Deciding where to put the focus point can be troublesome, especially for newer photographers. Choosing a specific focus point matters less, however, when using a narrow aperture and extremely wide-angle lenses. A smaller aperture produces shots with a higher depth of field, which means more of the scene is in focus, so staying between f/14 and f/22 will provide some latitude. 

For split shots, put the focus point on the underwater subject (at the bottom of the selection frame). You can move that focus point to the above-water portion of the image if the main subject is above water or you want to emphasize a portion of that animal above water, such as a turtle’s head. With a narrow aperture and super-wide lenses, however, the difference in focus area is modest.

Some cameras may have difficulty focusing on a quickly moving subject that is simultaneously above and below the water, regardless of where you place your focus point. Taking multiple shots or enabling rapid firing will increase the chances that you will get some images
you like.

Postprocessing Tips

Even the best underwater photographers use postprocessing tools such as Adobe Lightroom or Photoshop to polish their finished products. For over-unders, two of the most helpful tools are the spot removal tool to remove water droplets and the graduated filter.

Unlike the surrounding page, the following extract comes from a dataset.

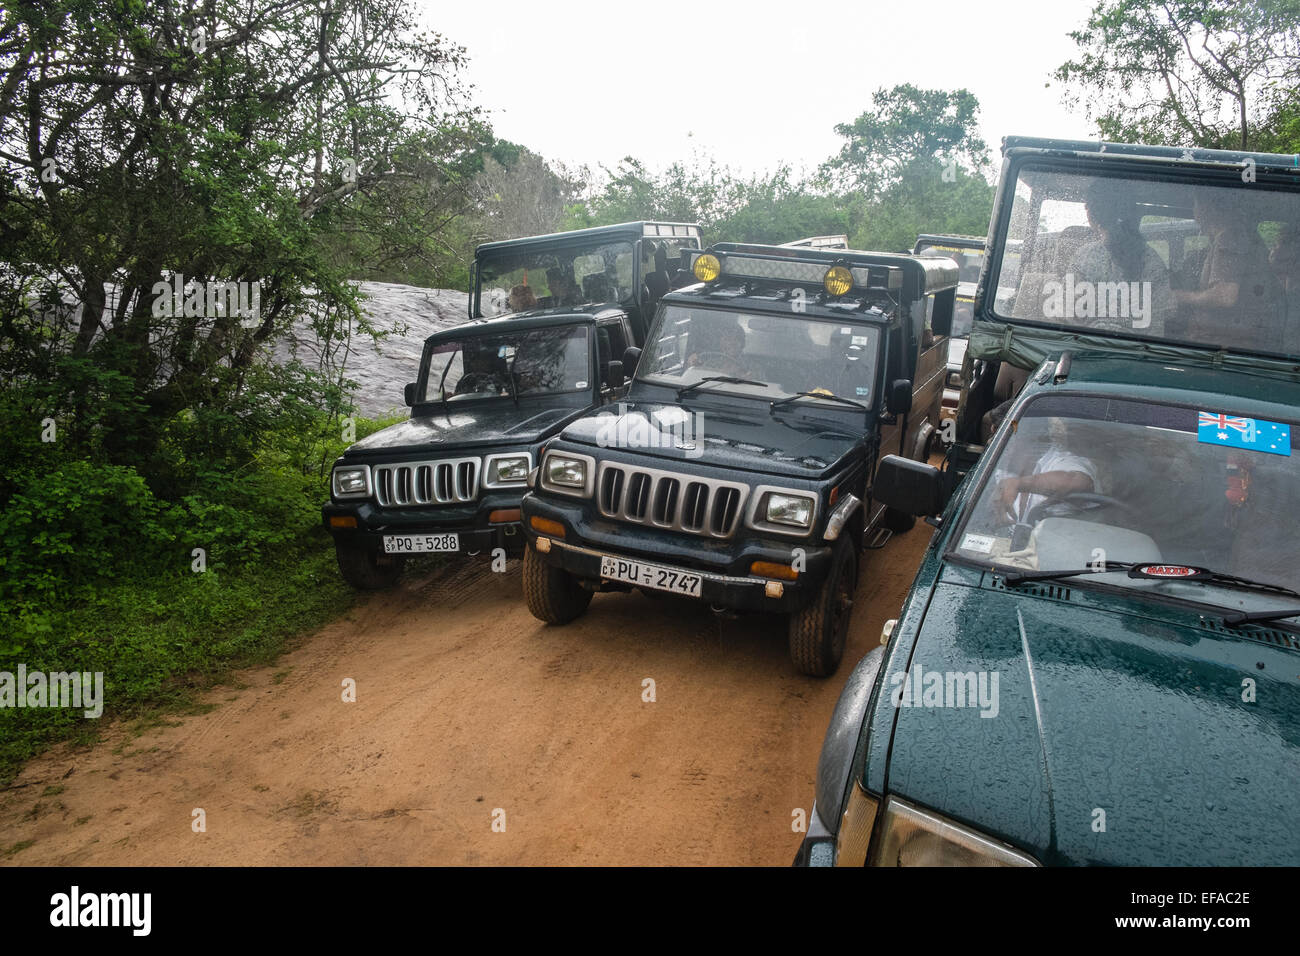 Tourists in jeeps traffic jams while chasing wildlife,especially leopards,in packs of vehicles.Yala National Park,Sri Lanka. Stock Photo

The underwater portion of the image will always be darker than the topside portion due to water absorbing more light than air does. As the sun dips lower in the sky, more light reflects off the surface, so early-morning and late-afternoon light will have greater exposure differentials. The graduated filter and adjustment brush can brighten dark areas and darken the relatively overexposed ones. When you lose detail to significant overexposure, however, no postprocessing tool can bring it back.

For Snell’s window shots, it can also be useful to decrease the highlights in the sky. For reflections, you can often improve your pictures by using the dehaze slider to minimize any overexposed areas and increase the contrast and clarity of the reflections.

These final adjustments can provide the elegant finishing touches to refine pictures taken within the Plimsoll interface.